Work item
Down to the last line below, write out every line exactly, starting with the one that contains "Марокканцы - портреты от Лейлы Алауи-11" and leaving out the pictures.

Stored data

_ _ _

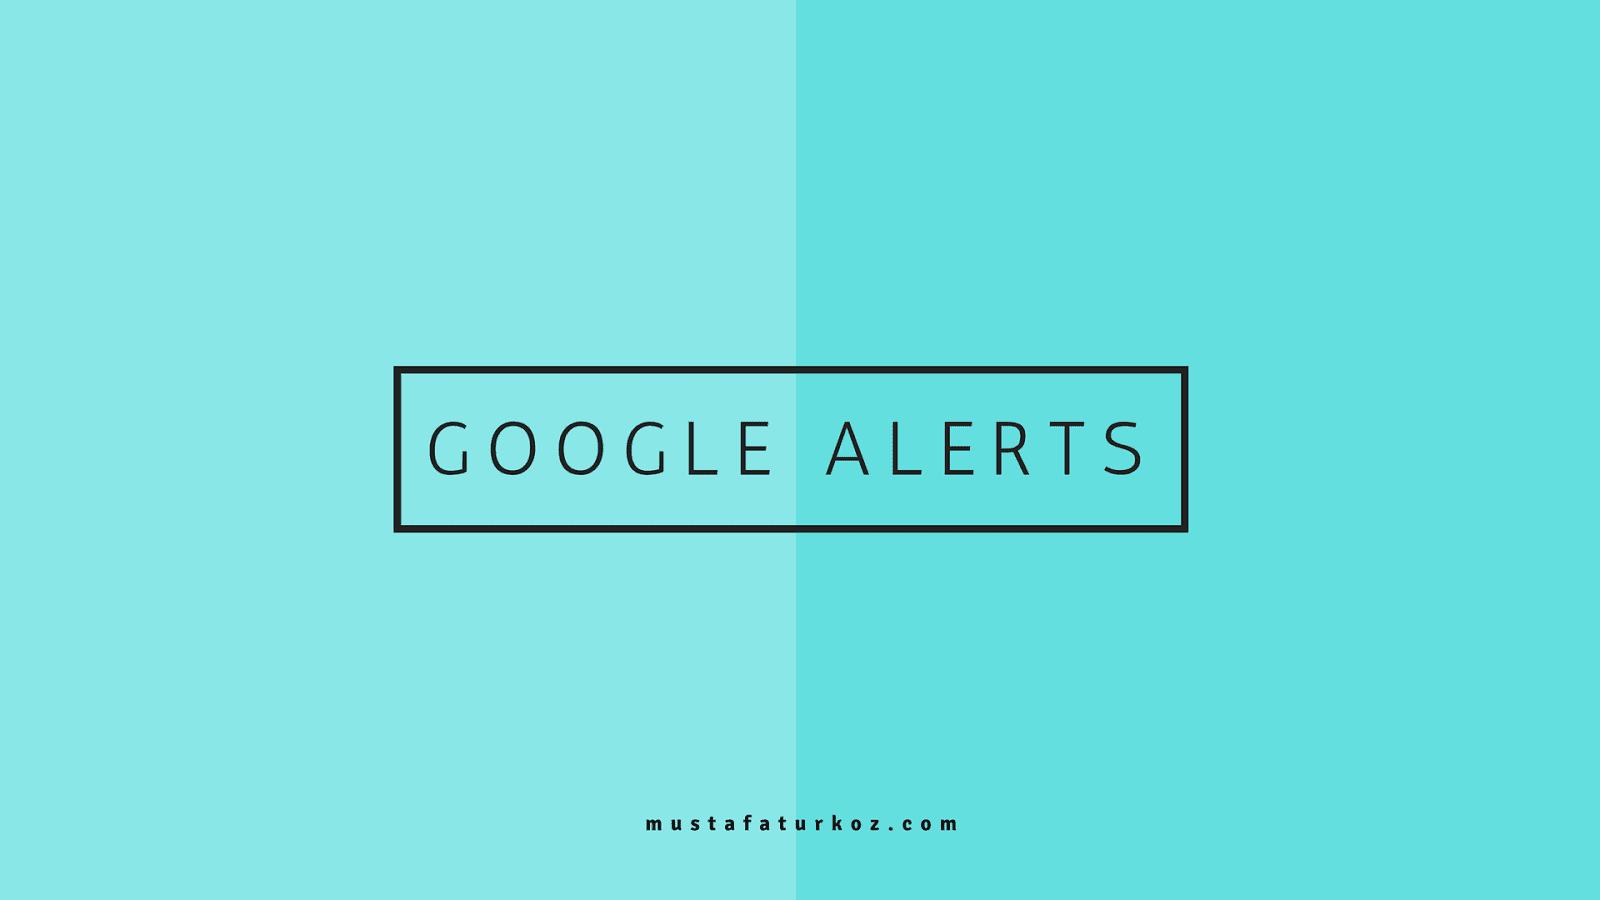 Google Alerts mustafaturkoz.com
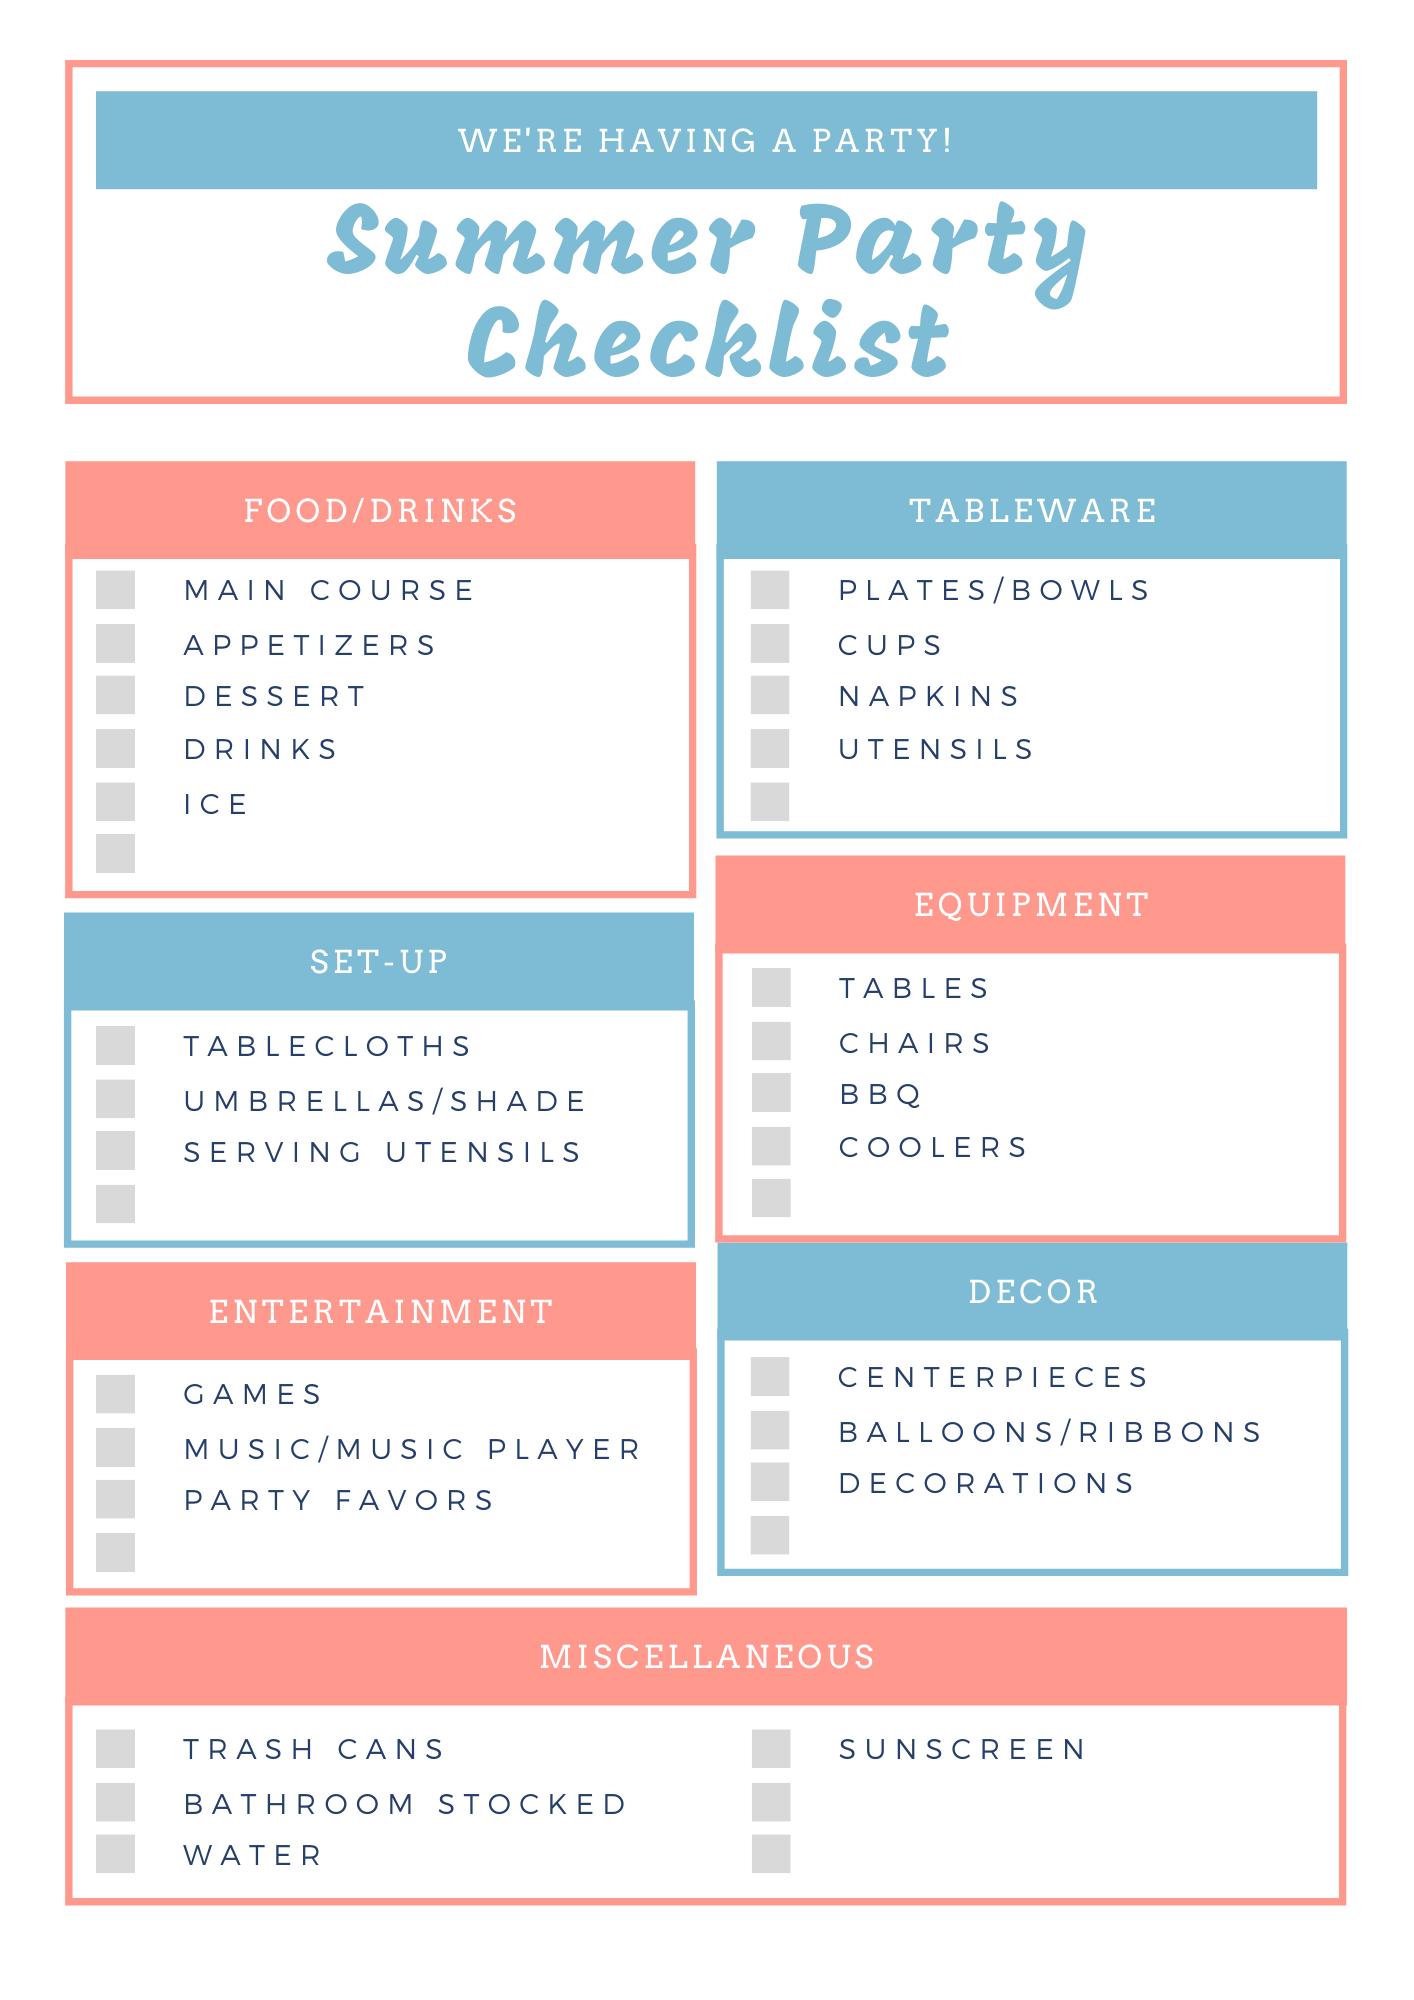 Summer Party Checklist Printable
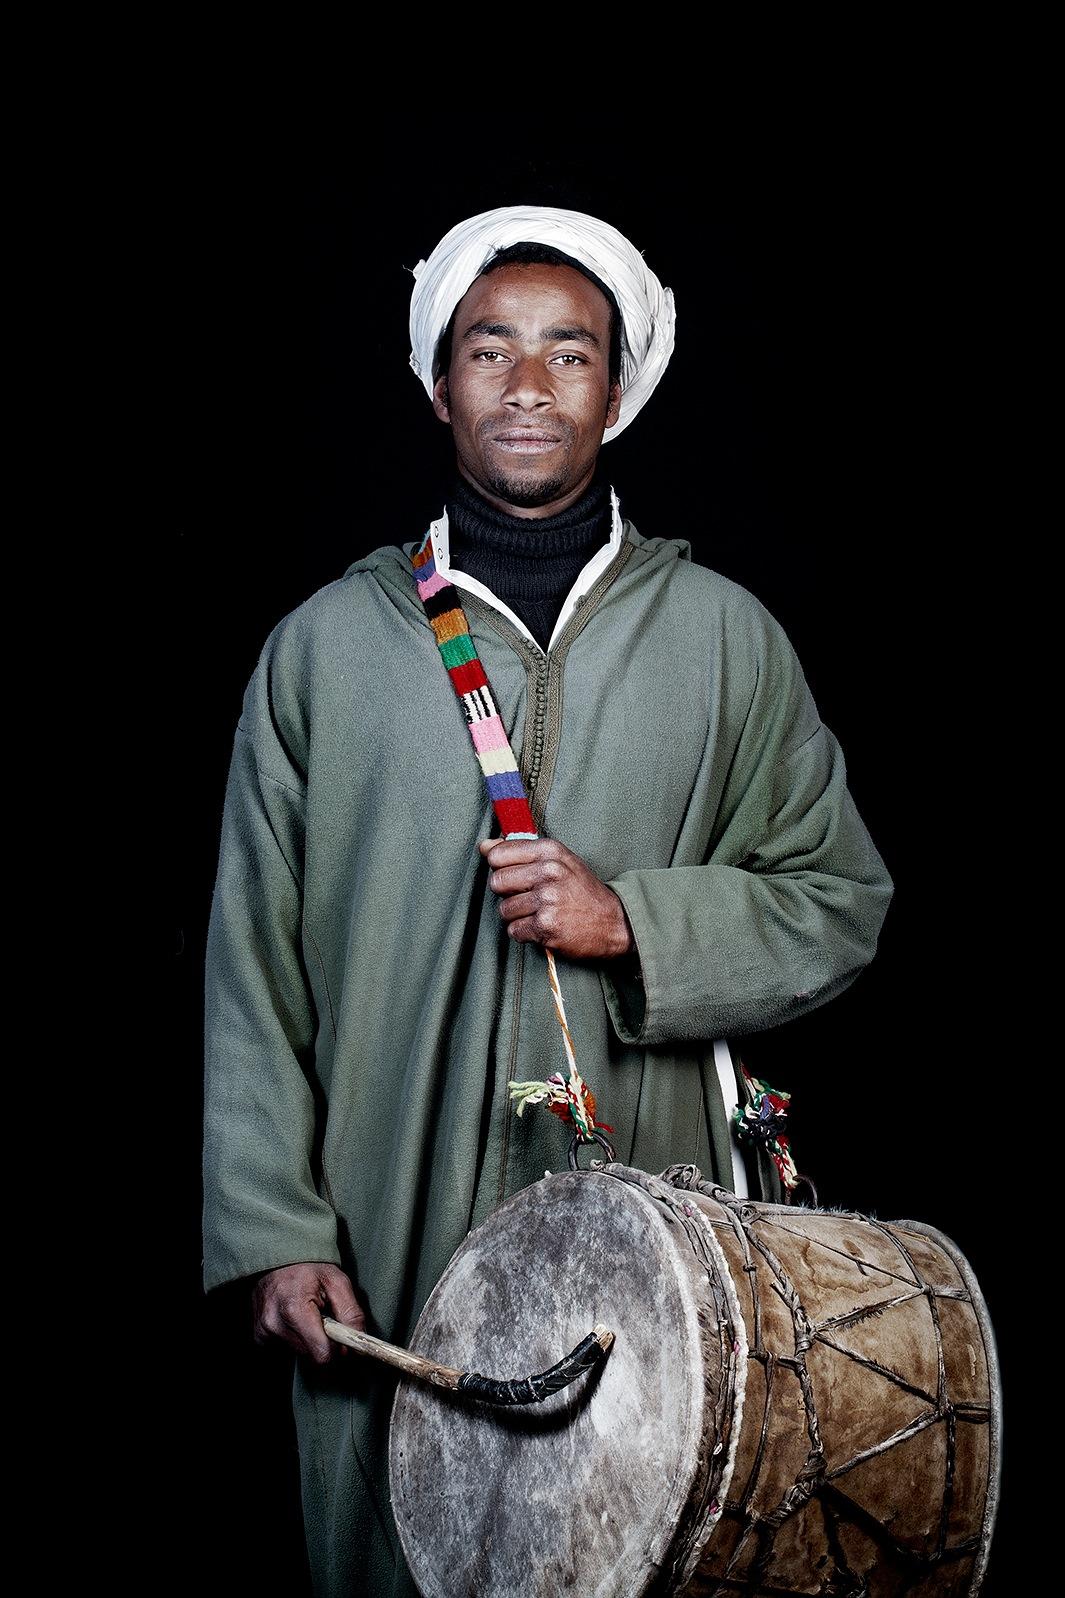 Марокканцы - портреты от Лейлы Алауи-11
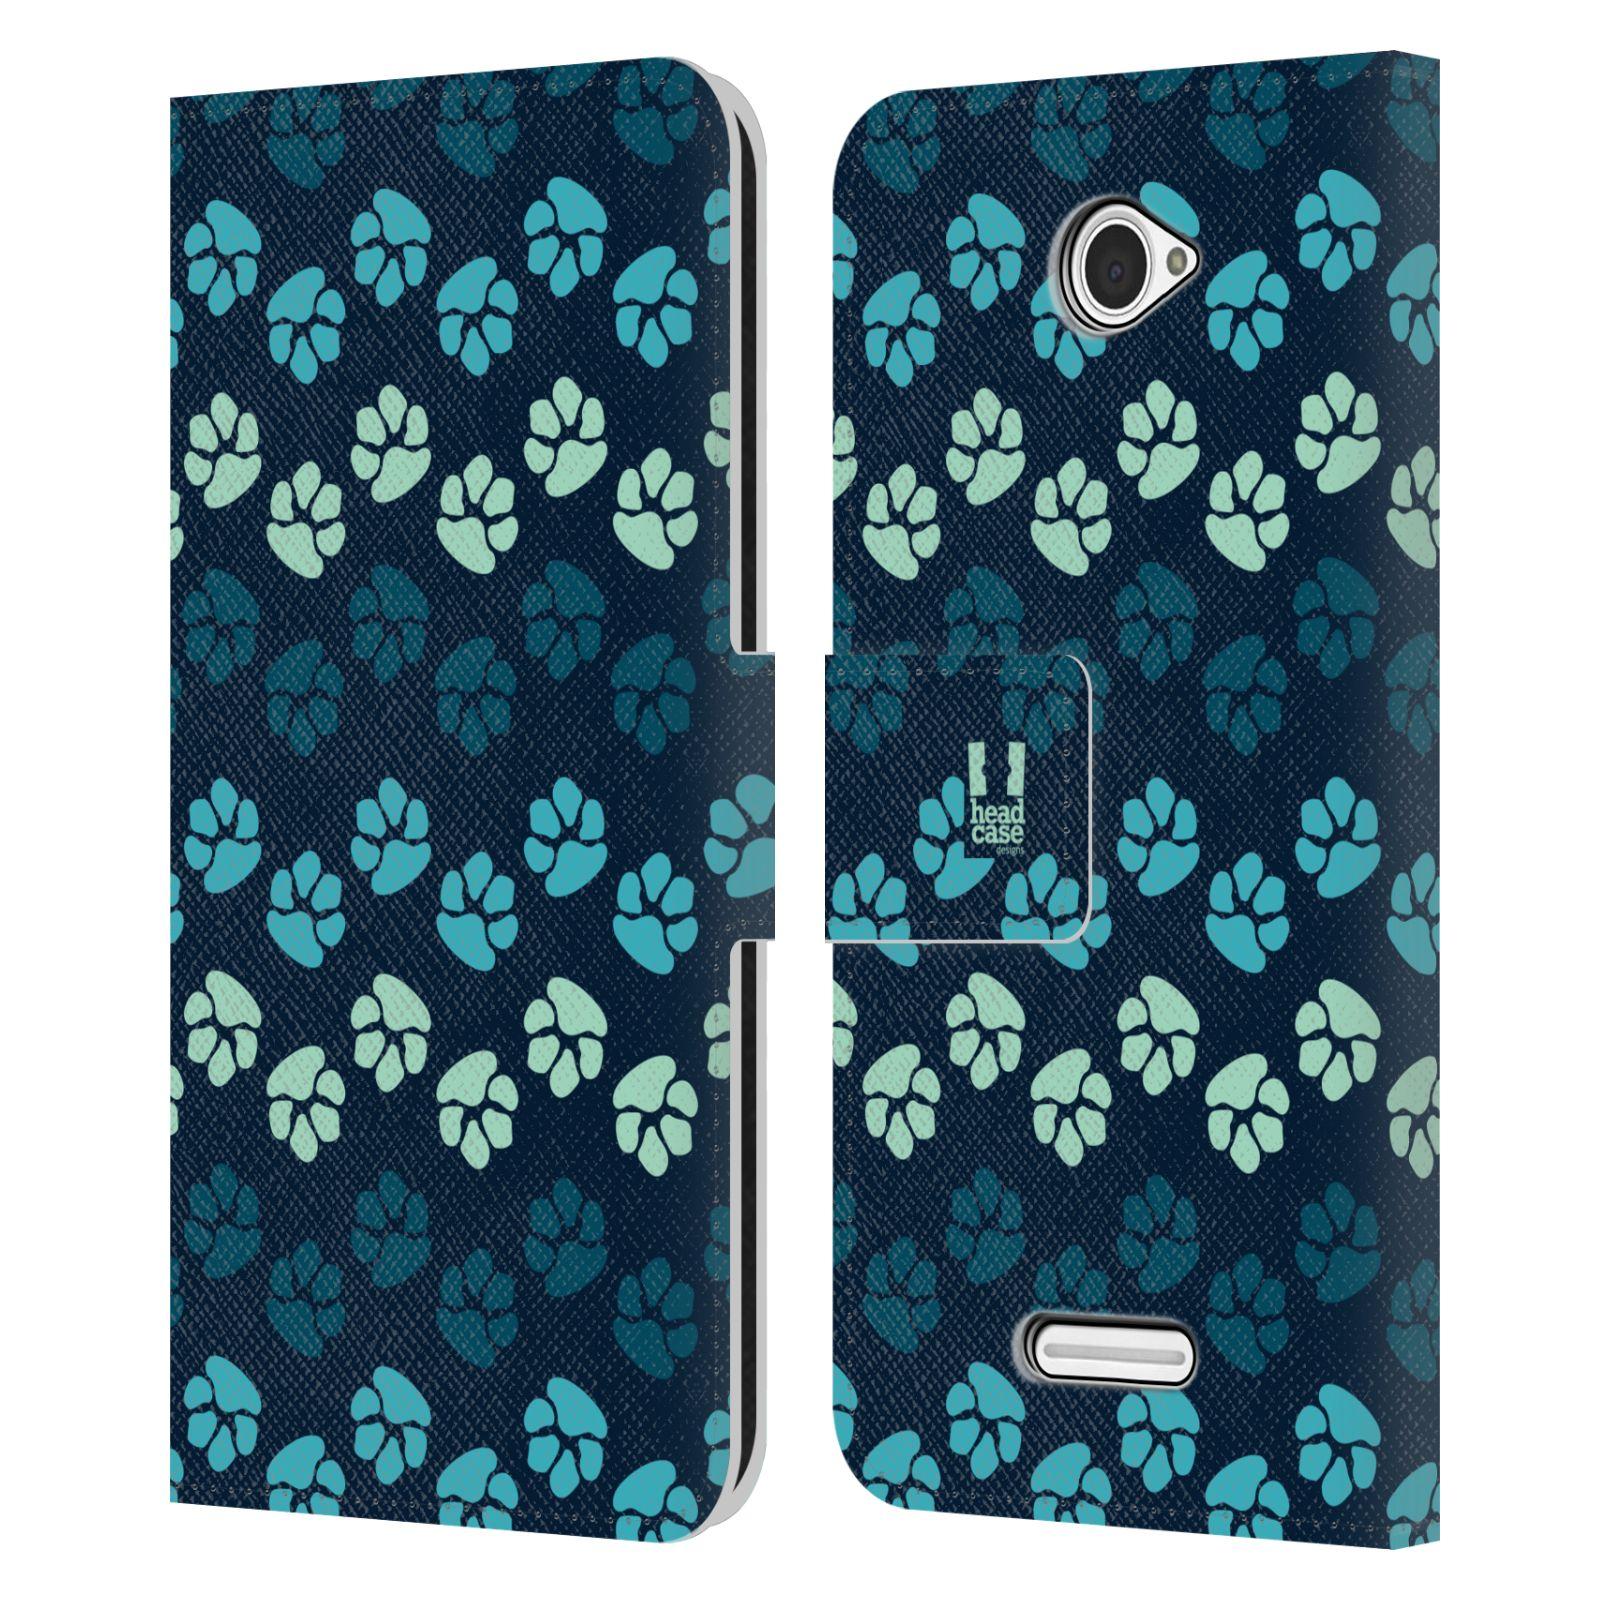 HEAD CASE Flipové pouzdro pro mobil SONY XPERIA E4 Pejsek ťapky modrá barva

_ _ _

Answer to this task
 Марокканцы - портреты от Лейлы Алауи-11
 HEAD CASE Flipové pouzdro pro mobil SONY XPERIA E4 Pejsek ťapky modrá barva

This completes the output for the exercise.